What the number is not
It’s not a claim that 45% of AI-built apps get hacked, or that generated code is uniquely bad; human developers write vulnerable code too, which is why the OWASP list exists. And it’s not an argument that AI coding tools are useless, since a developer who reviews the output catches much of this in the normal course of work.
What it does mean: flip a coin per generation, and that’s roughly the odds the code contains a flaw from the industry’s best-known catalogue of serious vulnerabilities, while compiling and demoing perfectly. The flaw costs nothing in visible behavior. That’s the trap.
Why working code isn’t safe code
AI models optimize for quick visual success, because that’s what the prompt asked for and what the builder can verify by looking. Security is precisely the property you can’t see from the preview window, and the documented failure modes follow that gradient. Access control gets implemented in the browser rather than on the server, so a user can bypass the check by modifying code on their own machine; the app looks identical either way. Database permissions get configured too broadly so things work on the first try, leaving data exposed if any other part of the app is compromised. Secrets get hardcoded into files because managing environment variables is exactly the kind of invisible chore models and beginners both skip, and those credentials then get pushed to public GitHub repos. And the utility flows that carry real security weight (password recovery, OTP verification, session management) simply don’t get built, because nobody demos them.
The builder’s trust position makes it worse. A non-technical operator can’t read the generated code to verify any of this, and manual testing exercises the happy path, not the bypass. The app that “works perfectly” and the app that leaks every customer’s records can be the same app.
What to check before real users log in
A minimum audit, in plain terms. First, server-side enforcement: confirm that what a user can see is decided on the server or in database rules, not by hiding buttons in the UI. Second, database posture: rules should deny by default and grant narrowly; on Supabase-backed tools like Lovable, that means actually reading the RLS policies, not trusting that the prompt produced them. Third, secrets hygiene: search the repo for hardcoded keys and connection strings, especially if the project ever synced to a public repository. Fourth, the forgotten flows: password reset, session expiry, and signup restrictions exist and behave. Fifth, the second-user test: create two accounts and try to reach one user’s data from the other’s session, including by editing URLs directly. None of this is exotic; all of it is exactly what generation skips.
And note the maintenance clause: this isn’t a one-time check. Every regeneration is a fresh roll of the same dice, so the fix loop on an auth-adjacent feature means re-verifying the layer you already verified, and paying for the round that re-verifies it.
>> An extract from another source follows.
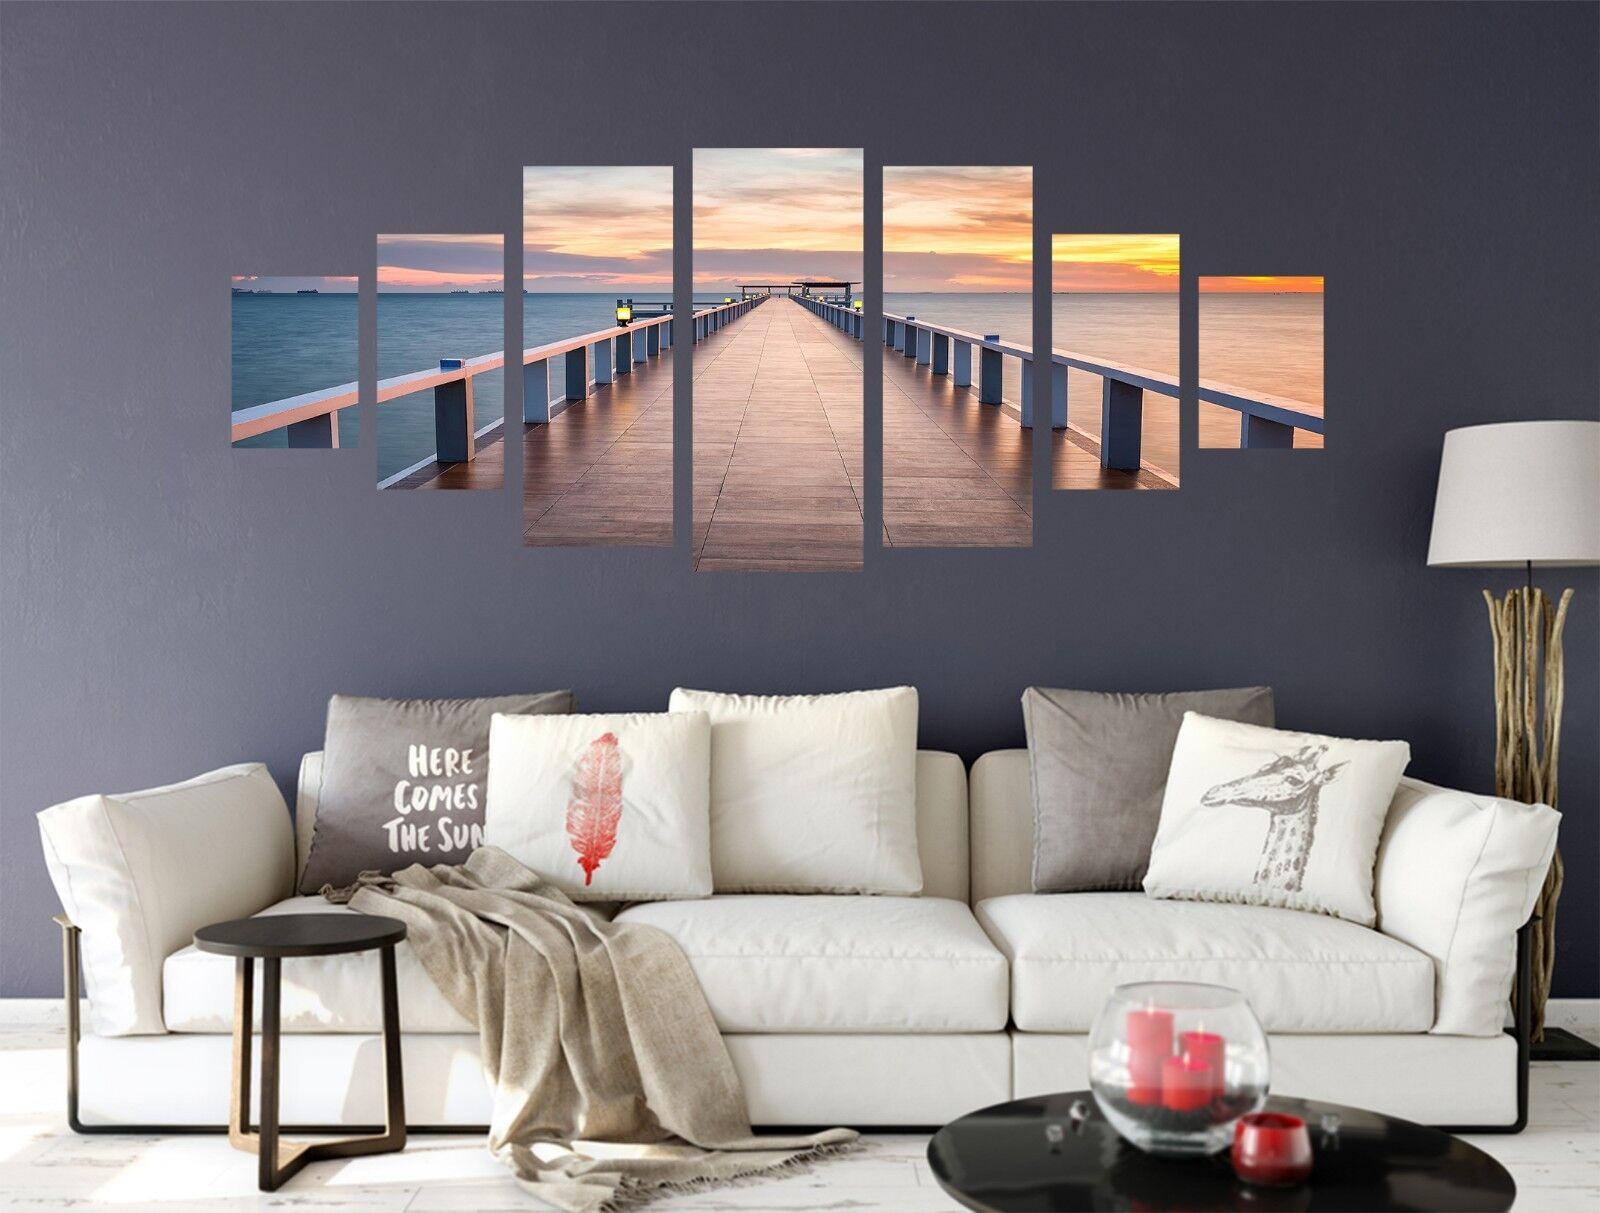 Puente de 3D 850 impresión sin enmarcar Papel de Parojo Calcomanía Decoración De Parojo Parojo Interior AJ Jenny

That re-verification burden is one face of the Day Two problem: the audit you run today is the audit you run again after the next change.
The honest fork
That audit list is the real cost of the 45% number, and there are exactly two ways to pay it. Own the review: you or a developer you trust reads the generated code, every round, treating the AI as a fast junior whose security work always gets checked. That’s a reasonable position for developers and a fiction for everyone else. Or take the layer off the table: for business apps like portals and internal tools, build on a platform such as Softr, where auth, permissions, and data access rules are visually configured platform infrastructure rather than per-project generated code, so the 45% lottery never applies to the layer that matters most. What’s not a position is the popular third option: generating, glancing at the demo, and shipping. The statistic exists because that’s what most people do.